The Sound Of Silence




I was outside this evening with our dog, standing around the backyard while he did his business and I got to thinking about the sounds. I live in a reasonably big city, not big by New York standards, but big enough for me. We’re close to a major bus route, so the sounds of traffic are very apparent.

I closed my eyes for a second, and listened, I could hear road noises, tires on pavement, a truck or bus engine revving up to make the hill, and other assorted noises.

A car door slamming somewhere, more car noises, and what I would describe as a constant hum. The hum of the city. It’s there all the time.

I think that is why those of us living in cities and towns don’t even notice it after awhile, we become so used to it. In fact, I can say with some certainty that I until this evening, when I concentrated on them, I really couldn’t say I was aware of the sounds of the city around me. At least not in the way a person should be aware.

At the cottage at night, it’s different. Sure, there are sounds, and on the clearest of nights you can listen to a loon on the lake, or perhaps an owl hooting in the forest behind the camp. We also have road noises, a lone car going out the secondary road to the highway, or someone on a four wheeler ATV sneaking down the road at night, heading home from a party.
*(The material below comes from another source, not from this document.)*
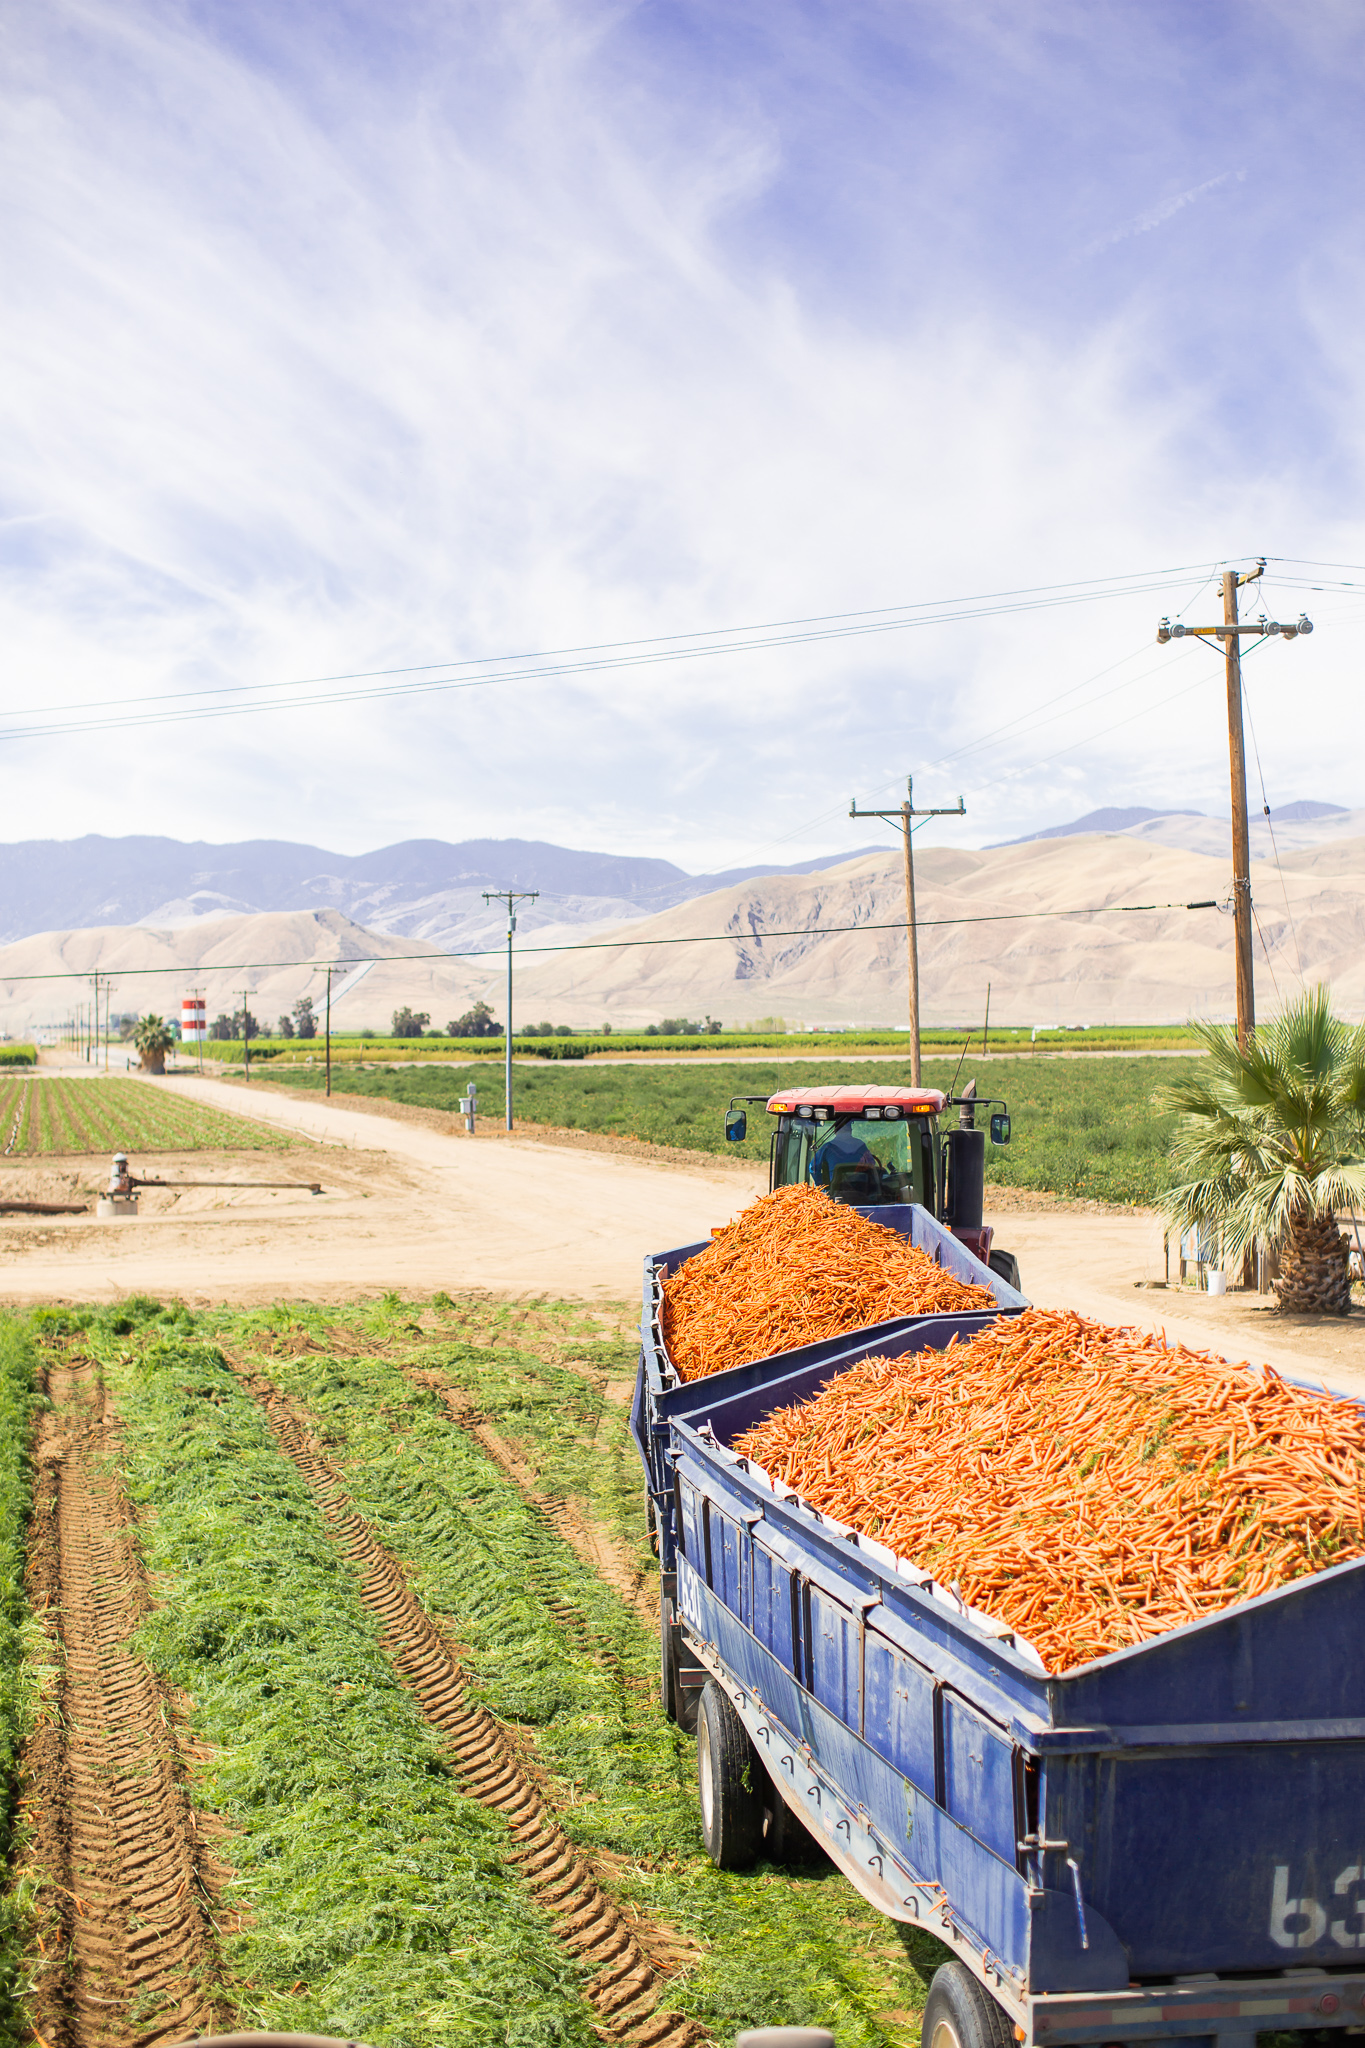 Bolthouse Farms Bakersfield Visit – Our California Trip Recap by popular North Carolina lifestyle blog, Coffee Beans and Bobby Pins: image of a tractor pulling trailers full of carrots at Bolthouse Farms in Bakersfield, California.

Frogs and crickets chirp and croak in the swamp behind us, and the wings of nighthawks and swallows whisper from above.

There are other sounds too, some of them harder to place, a splash, maybe from a fish taking a fly off the water, or a muskrat swimming around our cove, or a couple of ducks playing around the edge of the wharf.

The wharf itself creaks, and groans with the waves. In the fall, I like to stand outside the camp at night and listen to the wings of ducks on their migration, some of them make an unmistakable whistling sound as they cut through the night air.

It can, depending on the time of year, be quite loud at night in cottage country, but it’s a different kind of noise, more pleasant I suppose, and more apparent.

It’s those quiet times outdoors at night at the cottage that I relish the most. Standing on the shore of the lake, listening for a loon, or an owl, even the odd call of a lovelorn moose in the fall is such a delight to hear.

As I stood outside in my suburban backyard tonight, listening to the sounds and wondering why I seldom heard them, I realized it it because I have become conditioned to them by because they are constant.

At the cottage, that isn’t usually the case. The night air is usually quiet, but the silence is broken periodically by the sounds I mentioned. Loons don’t call incessently, owls only hoot a few times and seem to move on, a fish jumps, but only once, and the silence returns. Even the guy on the four wheeler races down the highway and eventually makes it home or into the ditch, and the silence returns.

That’s what makes those sounds so memorable, and embeds them in our conciousness, enabling us to recall them on a night in February in the middle of the city. It’s the randomness of wilderness sounds, and I suppose, to some degree the suddeness.

All of a sudden a quiet night erupts into a cacaphony of falsetto voices as a family of loons start to talk to one another, or an owl calls out in the darkness, letting us know he is on patrol. Often, as suddenly as the sound happens, it also disappears and the silence returns, and that is when we become acutely aware of how quiet it truly is, at night, at the cottage, by the lake.

Perhaps the only time some of us will ever know true silence.